# Extrema Update



## Guest (Jun 5, 2004)

Hey everyone, just an update on the new favorite gun in my collection. I've put close to 12 boxes through my new extrema. Talk about a break in period!!!!! Lots of shells before it has been performing flawlessly. This is the best shotgun I could've boughten for the cheap price tag of under $1000. I'm gonna sell the rest of my shotguns and just buy one more of these, now in the Max 4 camo!!!


----------



## Canada_Hunter (Mar 21, 2004)

are u dealing drug???  you seem to have alot of money!!!just kidding


----------



## Militant_Tiger (Feb 23, 2004)

as opposed to a citori? jeeze man 1000 bucks is like not pocket change


----------



## Guest (Jun 6, 2004)

I was using sarcasm!! Hence the selling all of my shotguns so I can buy another one!!! :lol: It is a sweet gun though, worth every penny!!! :wink:


----------



## Guest (Jun 11, 2004)

15 boxes through her now, after 2 cleanings right away, this gun's awesome!!! Anyone else have one??


----------



## hunten_66 (Sep 28, 2004)

i got an extrema on the 24th the day before waterfowl opener. shot it on the opener and have never been so impressed with a guns performance that is brand new have ran only like 3 or 4 boxes through it sine i got it but am loving it !!!!


----------



## Remmi_&amp;_I (Dec 2, 2003)

I'd consider it if it was wood-grain ! Just love the look of a traditional wood gun still!


----------



## hunten_66 (Sep 28, 2004)

well i understand what u mean i was thinkin about getting a shotgun that was a 3 and a half and had a wood stock option the ones that i considered was the SBE or the franci or even maybe the 11-87 but i looked at reviews and found them to be really helpful on my decision adn also i asked people that i knew that had the other shotguns and they said they were having problems with weight and shell ejection so i decided i would try something new so i can tell those that have any questions what my experience is with the gun


----------



## Guest (Oct 8, 2004)

Whatever guys, WE'VE hunted across the upper midwest with OURS, and yes, they've performed FLAWLESSLY!!!! Over 50,000 rounds through mine now, less that 1200 through the Girlfriends, but hers is a 2005 model, mine's a 2004 and has had a little worse sand damage to it in the southern NoDak range after a good6 weeks of no cleaning!! Another week of swamp jumping in WI, I'm lucky it even shucks shells!!! Only time will tell, guess I'm GB3 testing my gun!!!! :eyeroll: Not even close!!! :lol: More like #1 Testin'!!! 8)


----------



## Remmi_&amp;_I (Dec 2, 2003)

But has it hit anything??? :rollin:


----------



## scauphunter73 (Sep 23, 2004)

I'm on my second season with mine, never failed yet.

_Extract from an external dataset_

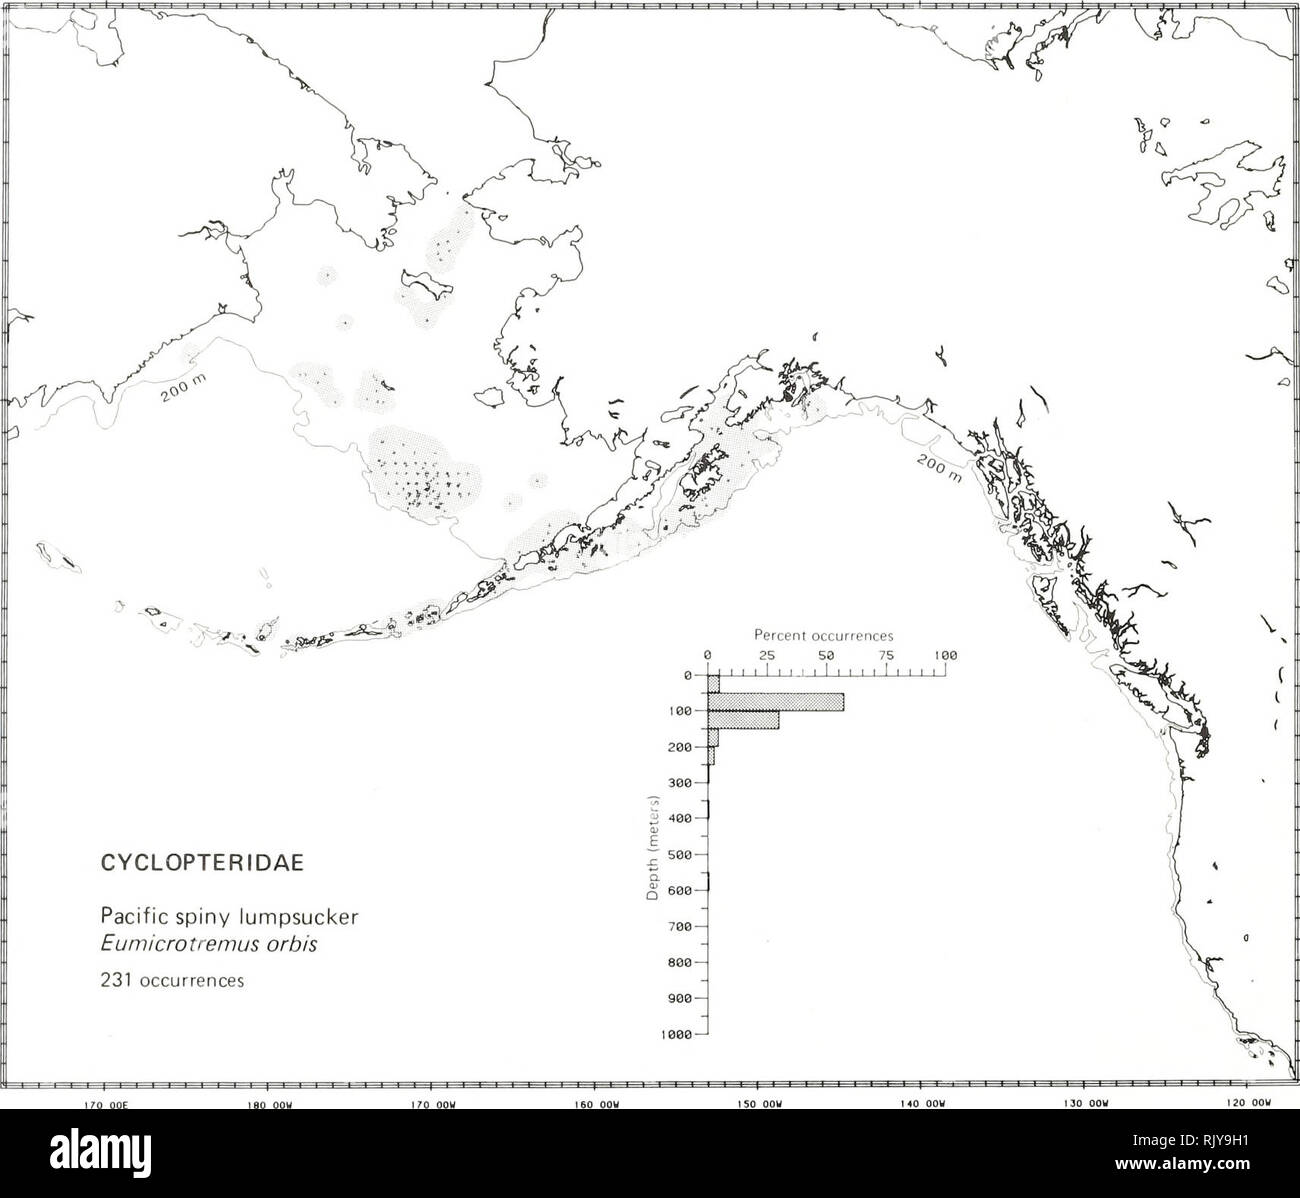 . Atlas and zoogeography of common fishes in the Bering Sea and Northeastern Pacific / M. James Allen, Gary B. Smith. Fishes Bering Sea Geographical distribution.. PACIFIC SPINY LUMPSUCKER, Eumicrotremus orbis (Giinther 1896) Cyclopteridae: Lumpfishes and Snailfishes Literature Reported from Muroran, Hokkaido, Japan, and the Sea of Okhotsk to the Chukchi Sea, occurring west along the Aleutian Islands to Amchitka Island and east to Puget Sound, Washington (Ueno 1970; Quast and Hall 1972; Simenstad et al. 1977; Eschmeyer and Herald 1983), at depths of 0 to 240 m (Fedorov 1973a; Eschmeyer and Her Stock Photo
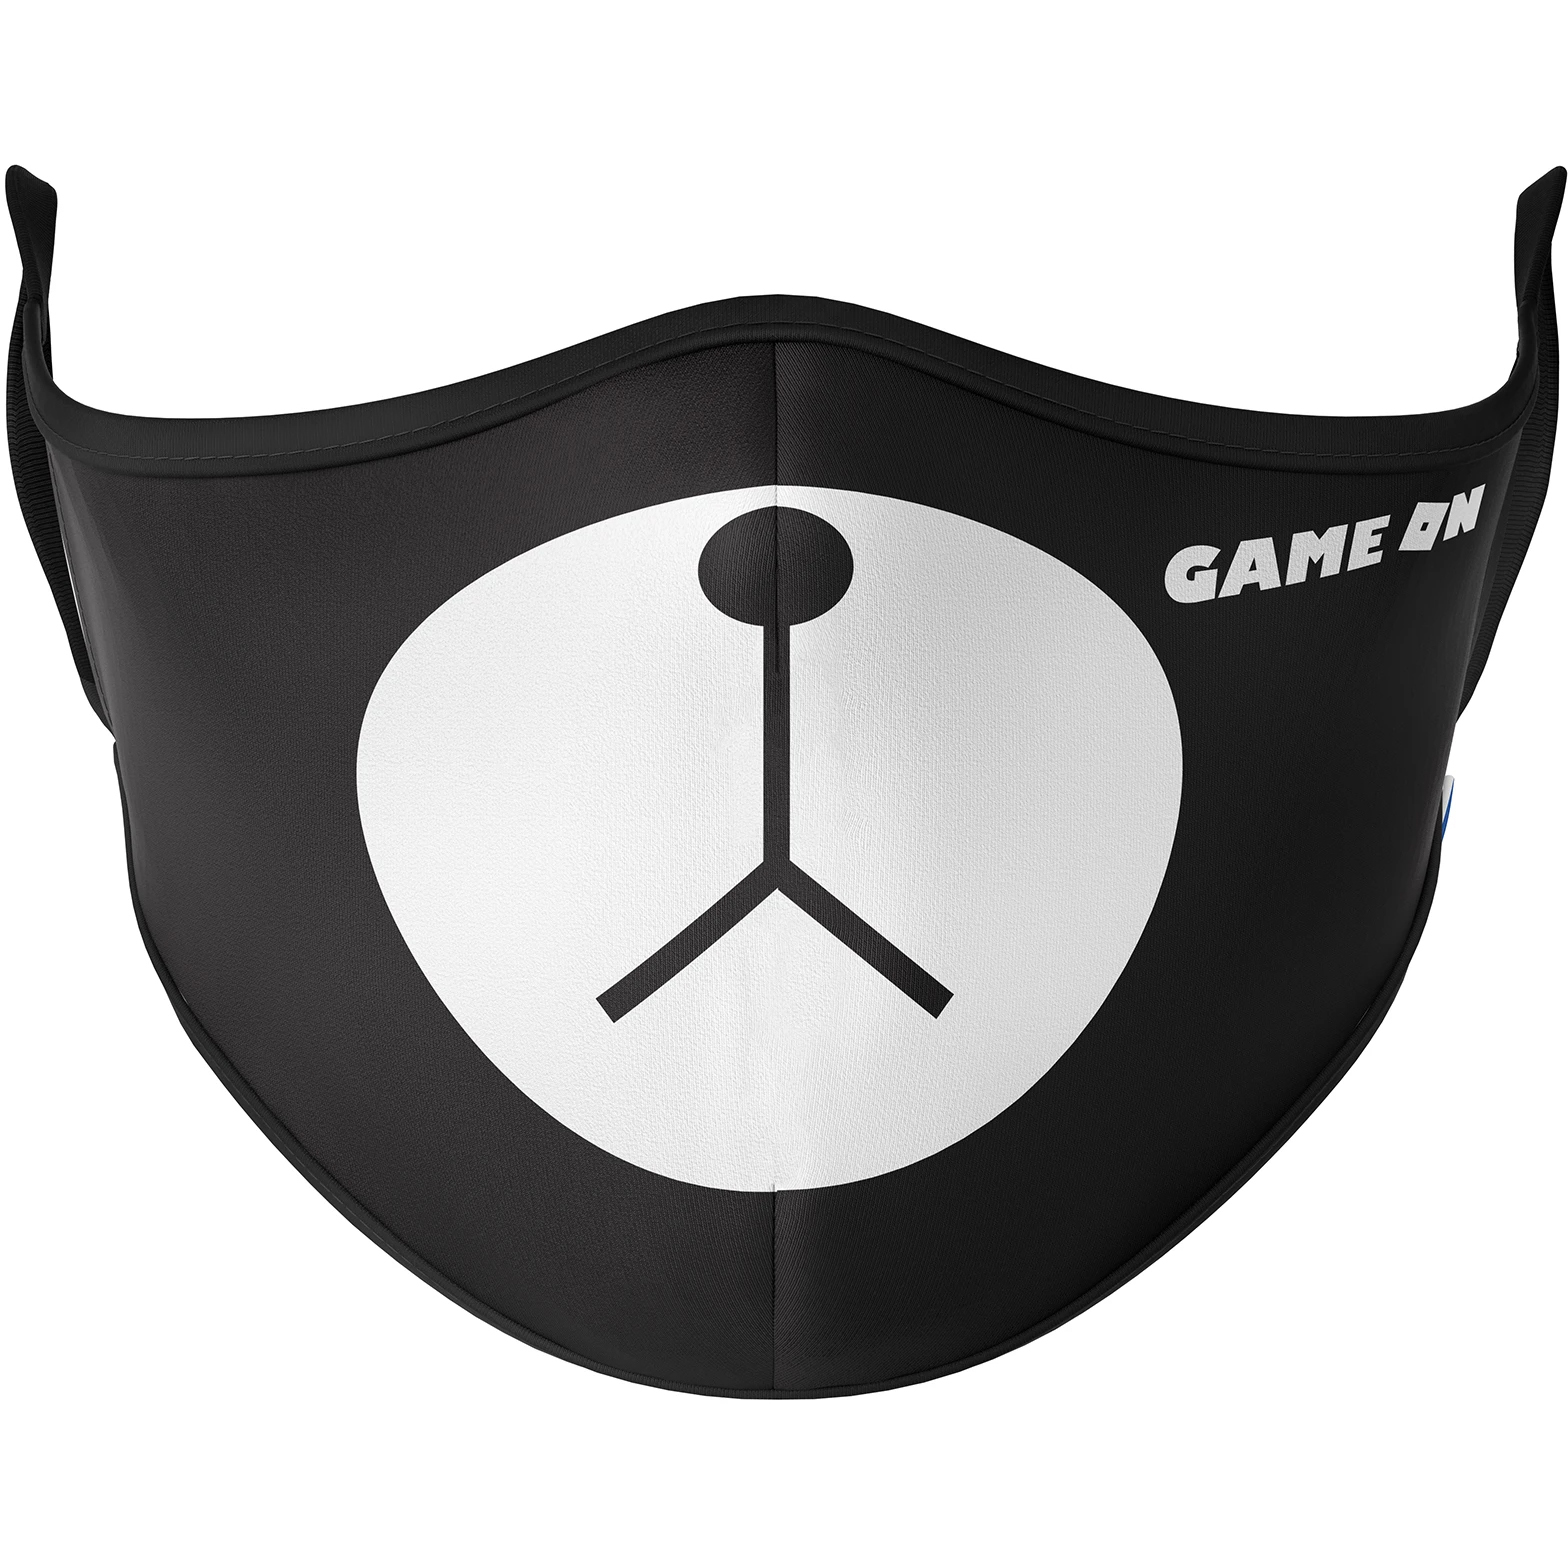 Game On Faces Reusable Face Masks

Doesn't matter what ammo you feed it, light trap to 3.5". Last summer I shot sporting clays and trap with it, well over 5000 reloaded rounds, it jamed once because I reloaded a shell I shouldn't have (it was squished). I love it! Worth every penny. I laugh when I see the new SBE priced higher.


----------



## Ryan_Todd (Apr 11, 2004)

if my calculations are correct. that would be $20,000 worth of steel at $10 a box. i hope your not shooting shells that cost $20 a box.


----------



## Shu (Oct 21, 2003)

that's a lot of leafless gutters to install


----------



## Ryan_Todd (Apr 11, 2004)

:rollin: #1 leaf gutter installer.


----------



## mallardhunter (May 15, 2004)

I have one and it works great for everything. :beer:


----------



## hunten_66 (Sep 28, 2004)

i agree i am here in crookston MN and today i shot clays and ducks with it and havent cleaned it yet still works


----------



## dakotashooter2 (Oct 31, 2003)

Not only that Ryan but if he is shooting even 25% that means he has been able to eat 2 birds PER DAY for the last 17 years.


----------



## Ryan_Todd (Apr 11, 2004)

thats true. that would be some expensive meat.


----------



## Remmi_&amp;_I (Dec 2, 2003)

:eyeroll: :eyeroll: :eyeroll: :eyeroll: :eyeroll: :eyeroll:


----------



## Remmi_&amp;_I (Dec 2, 2003)

My buddy bought an extrema last monday. Took it out and shot some clay pigeons with it and used heavy load 3.5" to start. It didn't cycle very well and after watching it cycle poorly this weekend he has decided to take it back for AL391 Teknys.


----------